2

I have a 2gb Tensorflow model that I'd like to add to a Flask project I have on App Engine but I can't seem to find any documentation stating what I'm trying to do is possible.

Since App Engine doesn't allow writing to the file system, I'm storing my model's files in a Google Bucket and attempting to restore the model from there. These are the files there:

  • model.ckpt.data-00000-of-00001
  • model.ckpt.index
  • model.ckpt.meta
  • checkpoint

Working locally, I can just use

with tf.Session() as sess:
    logger.info("Importing model into TF")
    saver = tf.train.import_meta_graph('model.ckpt.meta')
    saver.restore(sess, model.ckpt)

Where the model is loaded into memory using Flask's @before_first_request.

Once it's on App Engine, I assumed I could to this:

blob = bucket.get_blob('blob_name')
filename = os.path.join(model_dir, blob.name)
blob.download_to_filename(filename)

Then do the same restore. But App Engine won't allow it.

Is there a way to stream these files into Tensorflow's restore functions so the files don't have to be written to the file system?

Dan Cornilescu
  • 39,470
  • 12
  • 57
  • 97
Brendan Martin
  • 561
  • 6
  • 17

2 Answers2

3

After some tips from Dan Cornilescu and digging into it I found that Tensorflow builds the MetaGraphDef with a function called ParseFromString, so here's what I ended up doing:

from google.cloud import storage
from tensorflow import MetaGraphDef

client = storage.Client()
bucket = client.get_bucket(Config.MODEL_BUCKET)
blob = bucket.get_blob('model.ckpt.meta')
model_graph = blob.download_as_string()

mgd = MetaGraphDef()
mgd.ParseFromString(model_graph)

with tf.Session() as sess:
    saver = tf.train.import_meta_graph(mgd)
Brendan Martin
  • 561
  • 6
  • 17
  • I don't see how `saver.restore(sess, model.ckpt)` is catered for in this answer.
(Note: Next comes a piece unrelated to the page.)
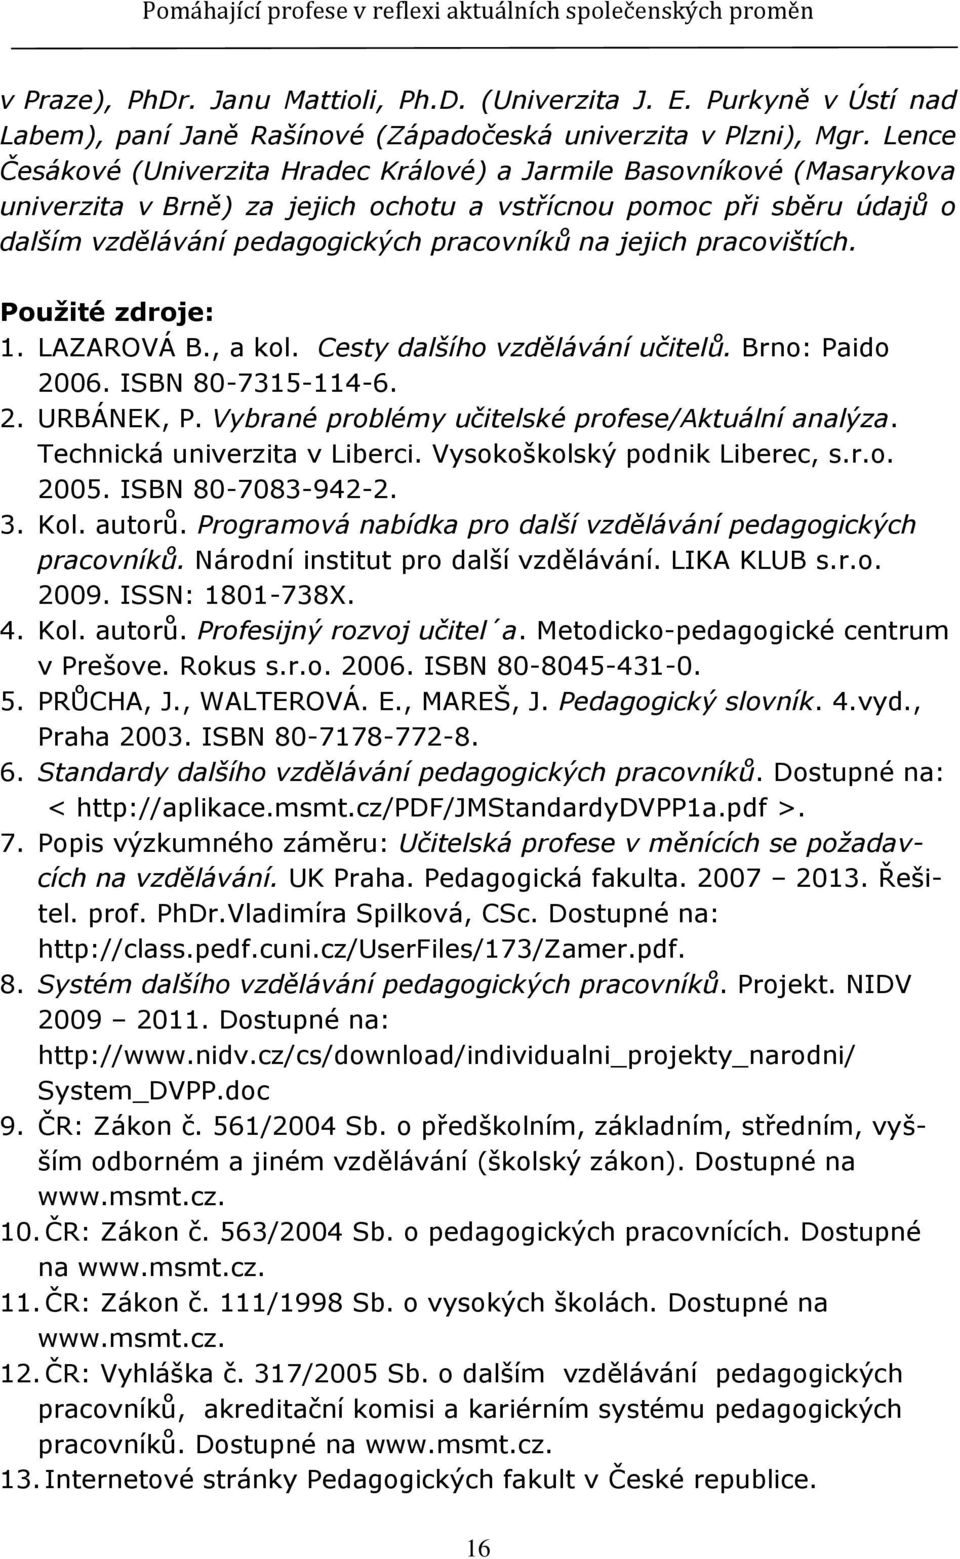 jejich pracovištích. Pouţité zdroje: 1. LAZAROVÁ B., a kol. Cesty dalšího vzdělávání učitelů. Brno: Paido 2006. ISBN 80-7315-114-6. 2. URBÁNEK, P. Vybrané problémy učitelské profese/aktuální analýza.

The metaGraph is restored but how are the weights transferred? – Bryce Ramgovind Dec 01 '20 at 12:39
1

I didn't actually use Tensorflow, the answer is based on docs and GAE-related knowledge.

In general using GCS objects as files in GAE to avoid the lack of a writable filesystem access relies on one of 2 alternate approaches instead of just passing a filename to be directly read/written (which can't be done with GCS objects) by your app code (and/or any 3rd party utility/library it may be using):

In your particular case it seems the tf.train.import_meta_graph() call supports passing a MetaGraphDef protocol buffer (i.e. raw data) instead of the filename from which it should be loaded:

Args:

  • meta_graph_or_file: MetaGraphDef protocol buffer or filename (including the path) containing a MetaGraphDef.

So restoring models from GCS should be possible, something along these lines:

import cloudstorage

with cloudstorage.open('gcs_path_to_meta_graph_file', 'r') as fd:
    meta_graph = fd.read()

# and later:

saver = tf.train.import_meta_graph(meta_graph)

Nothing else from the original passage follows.